Он засмеялся и, стягивая с постели одеяло, горестно покачал головой:
— Не знаю, что в тебе есть такое, но мне всегда хочется похвастаться перед тобой. Думаю, когда-нибудь я просто убью себя, чтобы произвести на тебя впечатление. — Он вздохнул, осторожно разглаживая на животе рубашку. — А это всего лишь спектакль, Саксоночка. Можешь не волноваться.

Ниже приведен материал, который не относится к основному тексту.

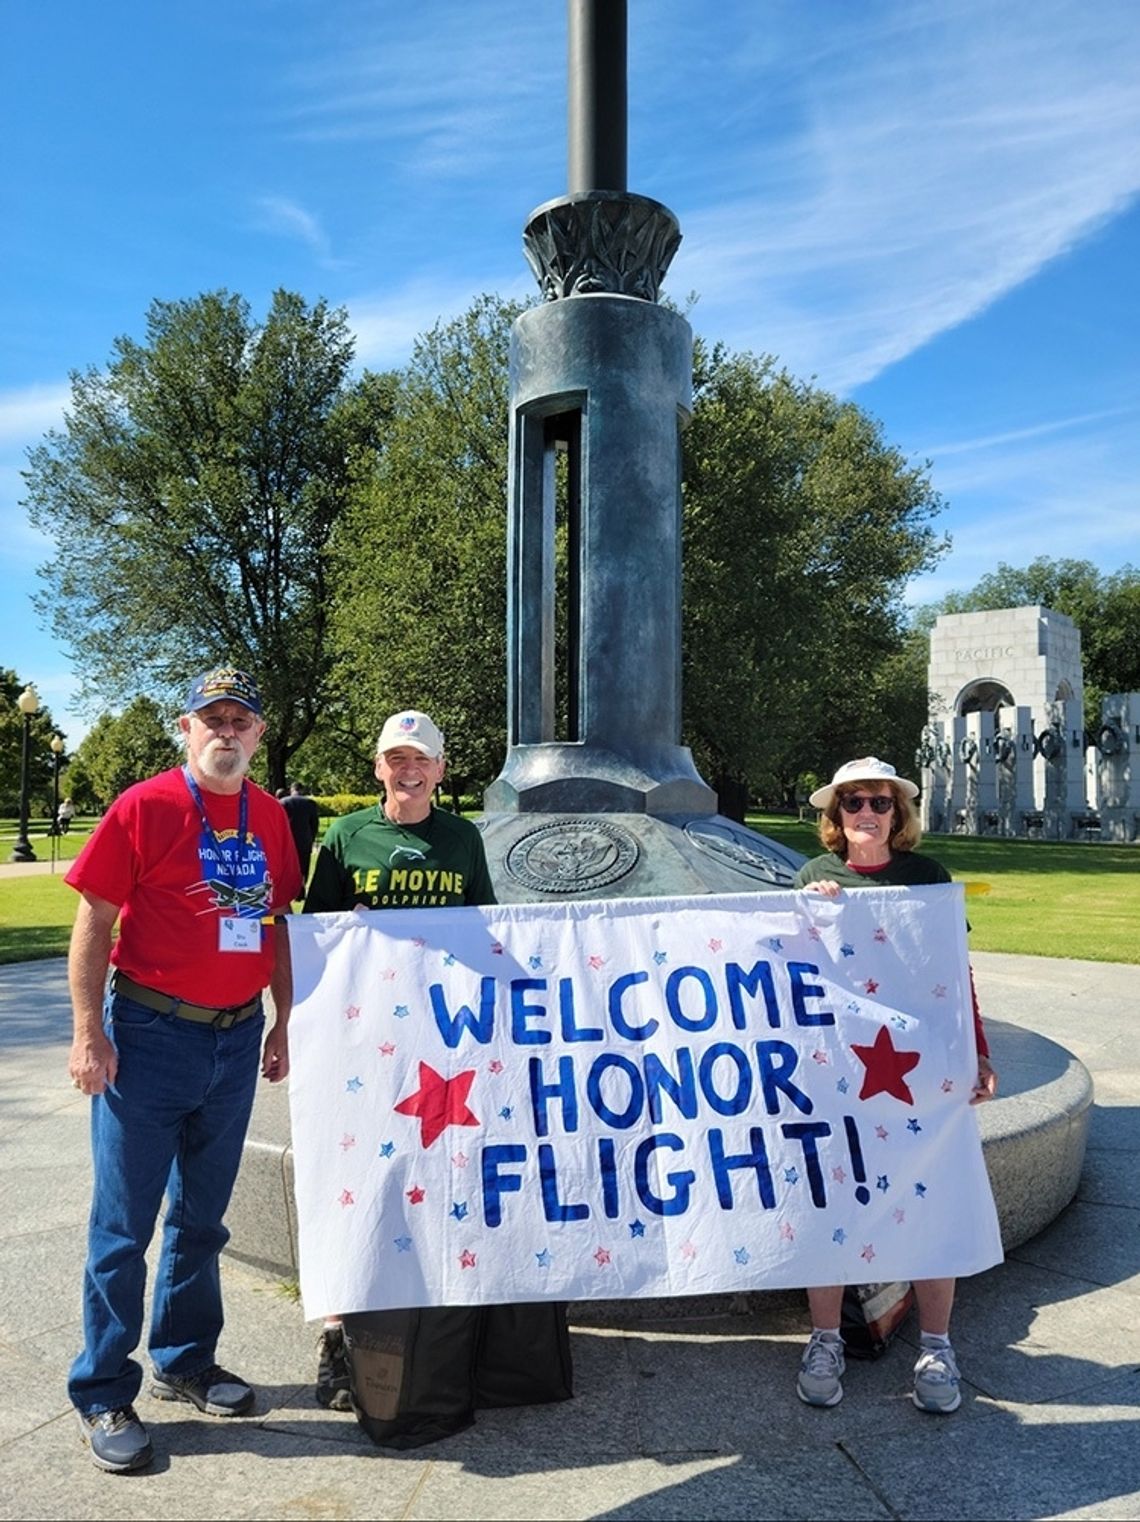 Stuart Cook, Local Veteran Takes the Honor Flight to Washington D.C.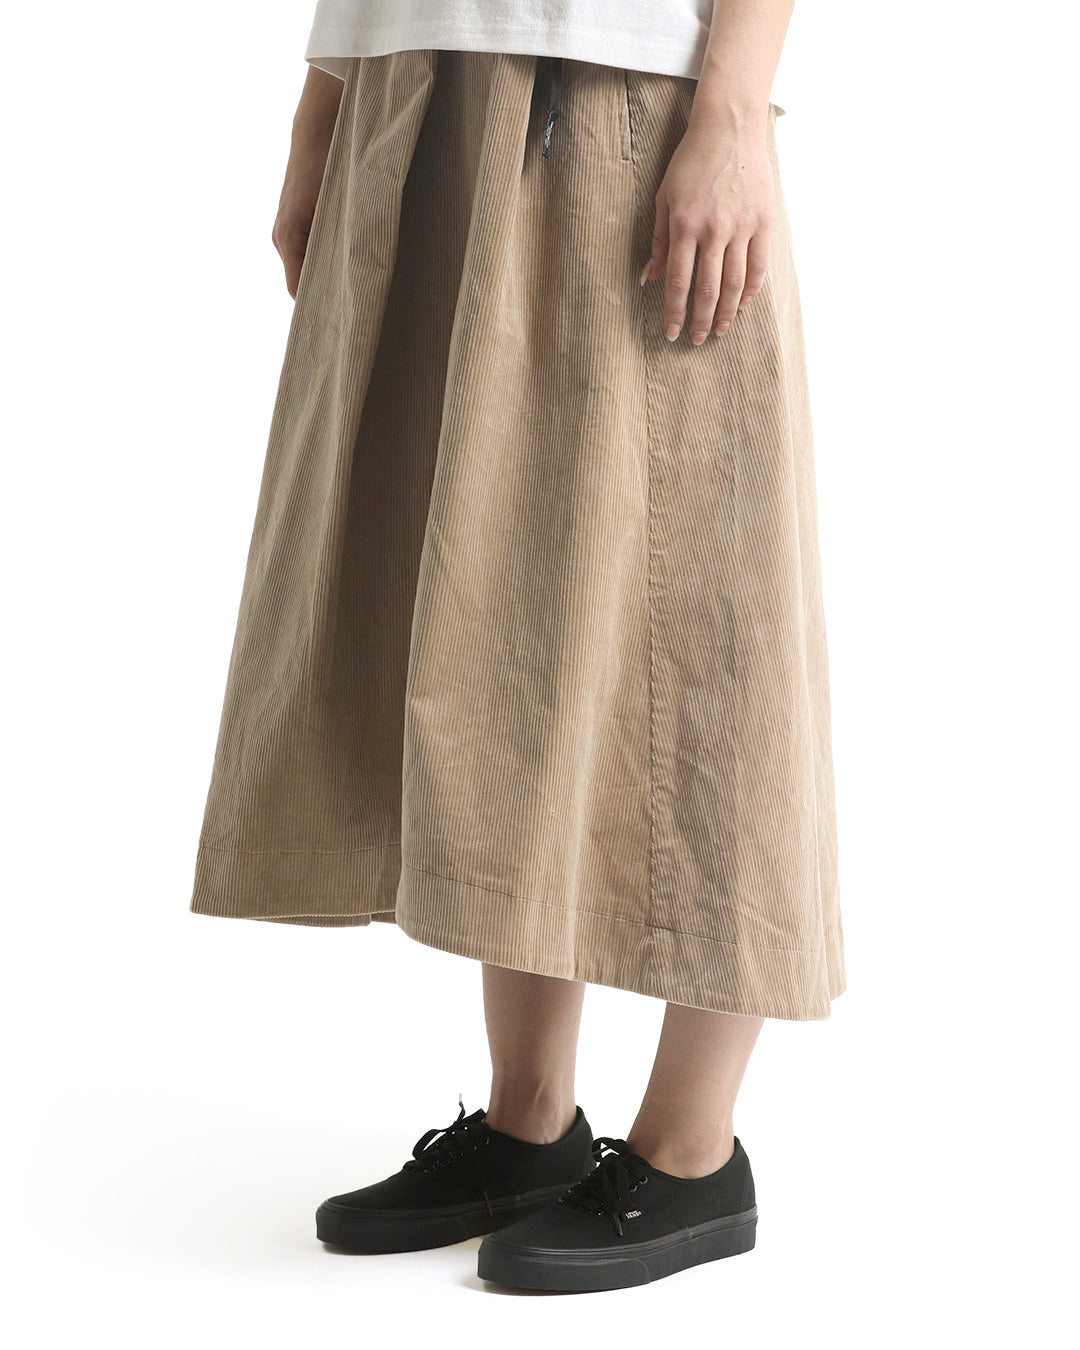 Talecut Skirt - Beige|Model

— Спектакль! Боже милостивый!
— Ты когда-нибудь видела, как свора встречает чужую собаку? Ее обнюхивают, покусывают за ноги, рычат, чтобы посмотреть, испугается она или огрызнется в ответ. Иногда дело доходит до драки, иногда нет. Но в конце концов каждая собака узнает свое место и знает, кто вожак. Вот и старый Саймон хочет доказать мне, что он вожак. Больше ничего.
— А ты? Чего хочешь ты?
Я легла, ожидая, когда ляжет и он. Он поднял свечу и, усмехаясь, подошел ко мне. Мерцание свечи отражалось в его голубых глазах.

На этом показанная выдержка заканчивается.